It should be noted that, by the method, whether the treatment process meets the preset requirement can be monitored, so that the current treatment position and the position of the treated position, the treatment time of which is lower than the treatment time corresponding to the relevant treatment state, are displayed according to the preset, and the user is prompted to perform physiotherapy compensation.
As shown in fig. 4, the second aspect of the present invention provides a bio-compensation physiotherapy system 4, which includes a memory 41 and a processor 62, wherein the memory 41 includes a bio-compensation physiotherapy method program, and when the bio-compensation physiotherapy method program is executed by the processor 62, the following steps are implemented:
Acquiring historical image data information of the physiotherapy part in the treatment process, constructing a time stamp, and constructing sample data based on a time sequence by combining the time stamp and the historical image data information of the physiotherapy part in the treatment process;
constructing a database, introducing an attention mechanism to process sample data, obtaining processed sample data, and inputting the processed sample data into the database for storage;
acquiring sample data information in the physiotherapy process through a database, and processing the sample data information through a Markov chain to acquire a treatment state transition prediction model;
and acquiring physiotherapy image data information in the physiotherapy process within the preset time, and generating compensation parameters of the physiotherapy instrument according to the physiotherapy image data information in the physiotherapy process within the preset time and the treatment state transition prediction model.
In the system, an attention introducing mechanism processes sample data, acquires processed sample data, and inputs the processed sample data into a database for storage, and the system specifically comprises the following steps:
constructing a database, introducing an attention mechanism, and calculating the attention score of each sample data through the attention mechanism to acquire the attention score information of each sample data;
Randomly selecting one of the sample data as initial sample data, calculating Euclidean distance between the initial sample data and each other sample data, and sequencing each sample data based on the value of the Euclidean distance to generate sequencing results;
dividing a database into a plurality of storage spaces, and inputting each sample data into the storage spaces for storage according to the sequencing result;
and meanwhile, merging the sample data with equal Euclidean distance, inquiring the address of each storage space configuration information, and updating the database periodically.

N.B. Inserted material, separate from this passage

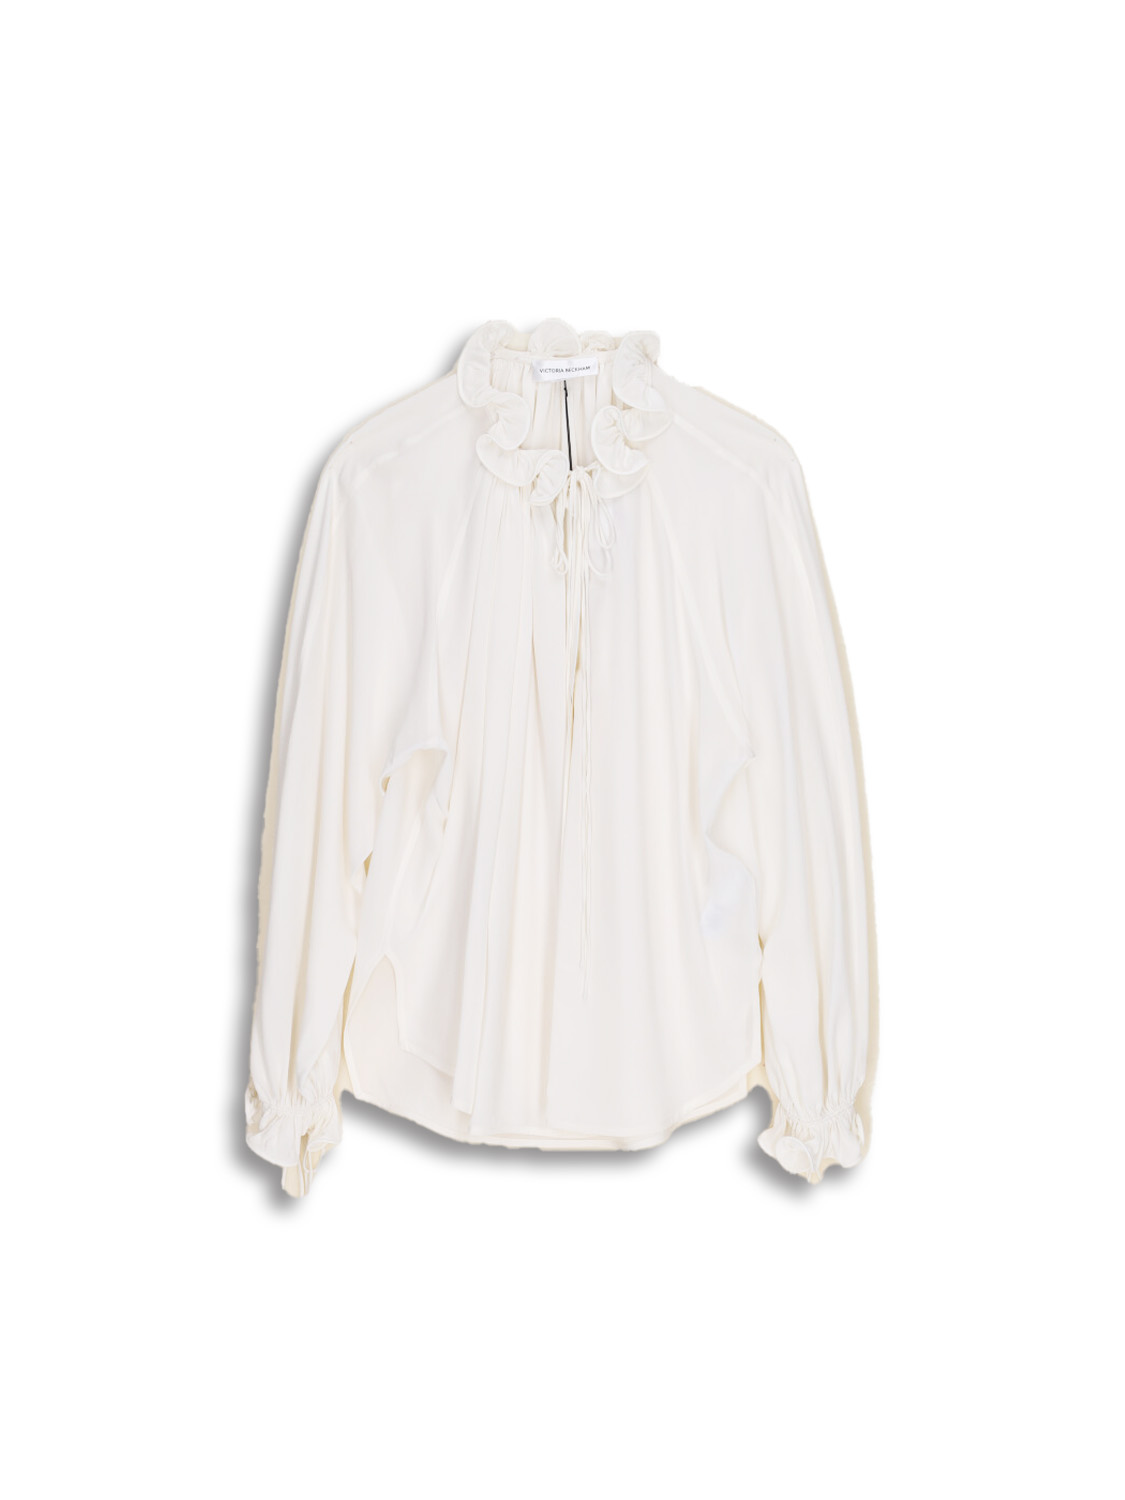 Victoria Beckham Ruched Detail Blouse - Long Sleeve Blouse with Ruched Details made of Silk white 38

In the system, sample data information in the physiotherapy process is acquired through a database, and is processed through a Markov chain to acquire a treatment state transition prediction model, and the system specifically comprises the following steps:
acquiring sample data information in the physiotherapy process through a database, carrying out state description on physiotherapy image data in the sample data information in the physiotherapy process through a Markov chain, and constructing a state transition matrix of the physiotherapy process;
introducing an FCBF algorithm, carrying out symmetry measurement on sample data in a state transition matrix of the physiotherapy process through the FCBF algorithm, obtaining relevant redundant symmetric point sample data, and removing the relevant redundant symmetric point sample data from the state transition matrix of the physiotherapy process;
Acquiring a physical therapy process state transition matrix from which relevant redundant symmetric point sample data are removed, introducing a singular value decomposition algorithm, and performing dimension reduction treatment on the physical therapy process state transition matrix through the singular value decomposition algorithm to generate a covariance matrix;
and constructing a treatment state transition prediction model based on the convolutional neural network, inputting the covariance matrix into the treatment state transition prediction model for training, and outputting the treatment state transition prediction model after the treatment state transition prediction model meets the preset requirement.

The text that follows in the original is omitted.